The senior Iranian diplomat explained that nearly 165,000 Afghans have been killed between 2001 and 2021, including 33,000 children, calling for the punishment of US-led forces over war crimes committed in Afghanistan.

‘Iran ready to host next round of intra-Afghan talks’

Elsewhere in his remarks, Takht-Ravanchi said Iran, which hosted talks between the Afghan government and the Taliban in July, is ready to host the next round of such talks.

The Islamic Republic has always made every effort to help Afghan parties settle their differences peacefully, he said.

The ambassador pointed out that the Islamic Republic has hosted millions of Afghan refugees in more than four decades.
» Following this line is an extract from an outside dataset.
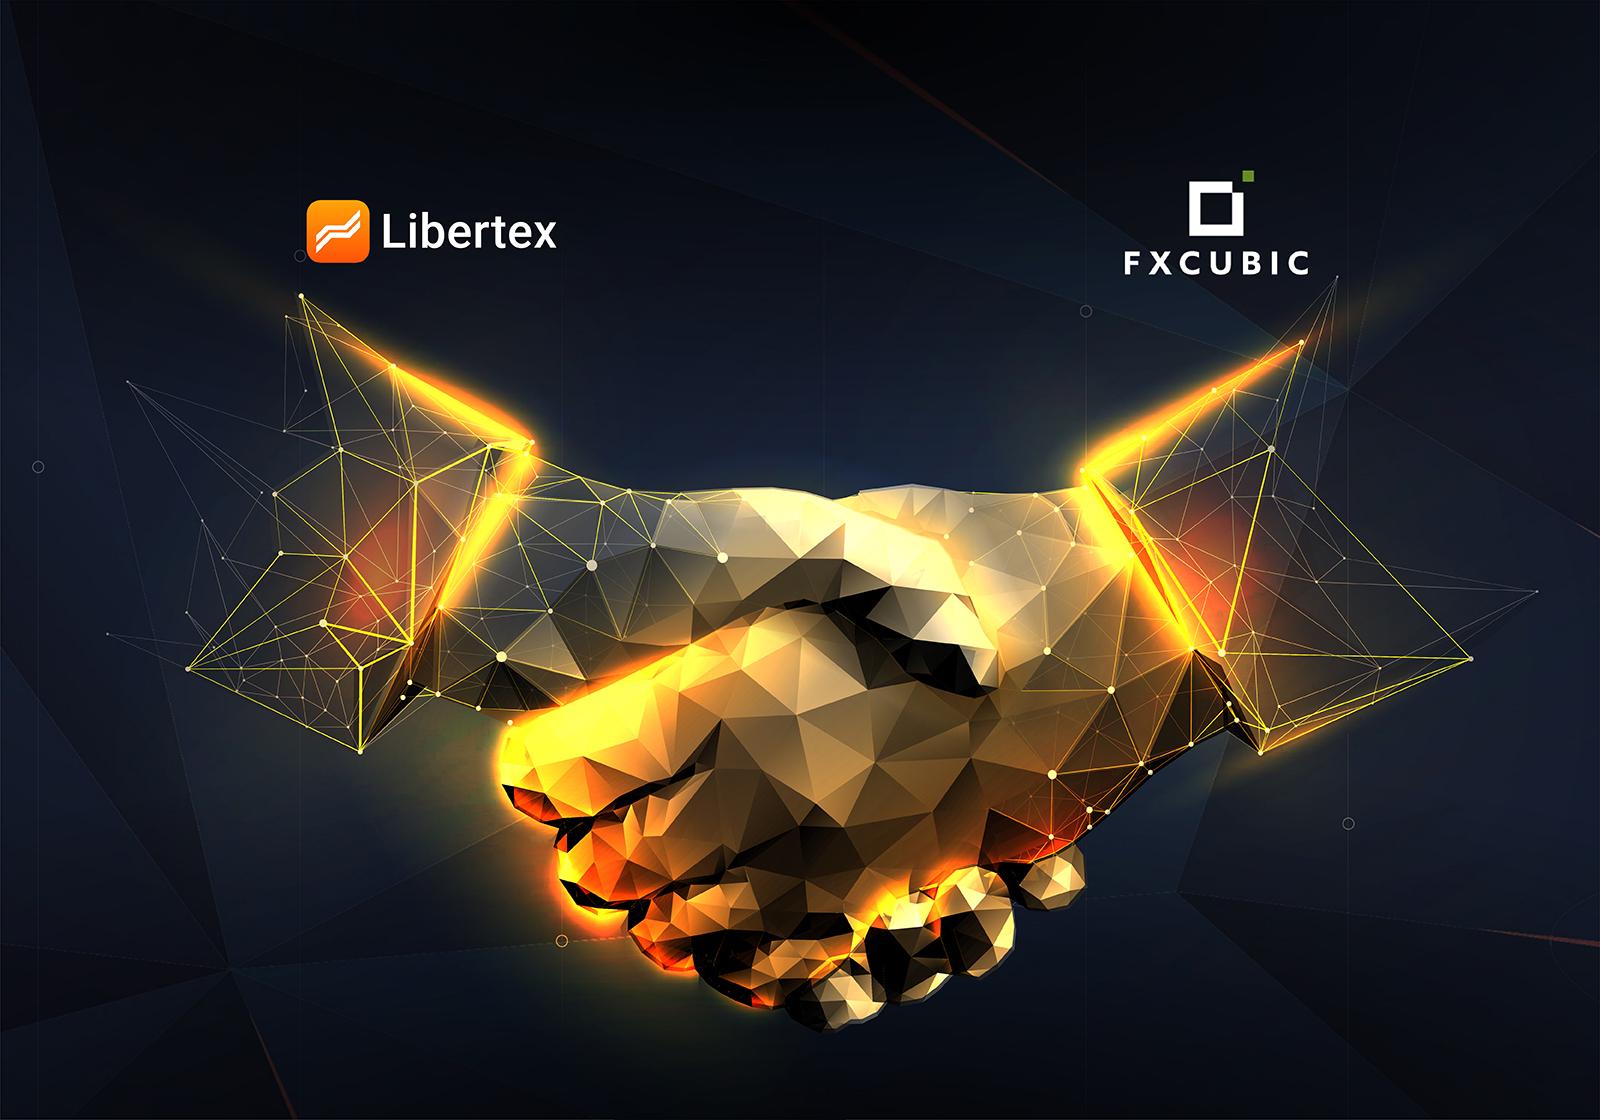 Acuerdo FXCubic y Libertex

Noting that more refugees have entered Iran’s soil since the beginning of the latest turmoil in Afghanistan, he called on the international community to fulfill its duty and do more to provide help for the Afghan refugees.

The people of Afghanistan should also be helped to achieve lasting peace, stability and prosperity, he said, adding that the full realization of this goal must be supported and facilitated, especially by neighboring countries.

Neighbors call for ‘Afghan-led, Afghan-owned’ peace process

On Thursday, foreign ministers of Afghanistan’s neighboring countries held talks to discuss the rapidly evolving situation in the country.

The ministers from Pakistan, China, Iran, Tajikistan, Turkmenistan and Uzbekistan issued a joint statement after their meeting, held in an atmosphere of mutual understanding and constructive approach.

They noted that with the withdrawal of US-led foreign troops from Afghanistan, the people of Afghanistan have to determine their own future, which should allow, in practice, to realize an “Afghan-led, Afghan-owned” process for national peace and reconciliation, according to the Chinese Foreign Ministry.

The developments in Afghanistan prove yet again that there is no military solution to this issue, they said, underlining the importance of an inclusive political structure in Afghanistan with the participation of all ethnic groups.

The foreign ministers also expressed support for the sovereignty, independence and territorial integrity of Afghanistan, and non-interference in its internal affairs, noting that the future of Afghanistan should be determined by its people, in accordance with the provisions of the UN Charter.

“Terrorist organizations, such as ISIS, al-Qaeda, ETIM, TTP, BLA, Jondollah and others should not be allowed to maintain a foothold on Afghanistan’s territory,” they asserted.

They also agreed to continue their meetings on a rotating basis, to hold their next meeting in Tehran, to set up a mechanism of regular consultations of special envoys for Afghanistan affairs, and to hold regular meetings of representatives of embassies in Kabul to discuss and coordinate their joint efforts.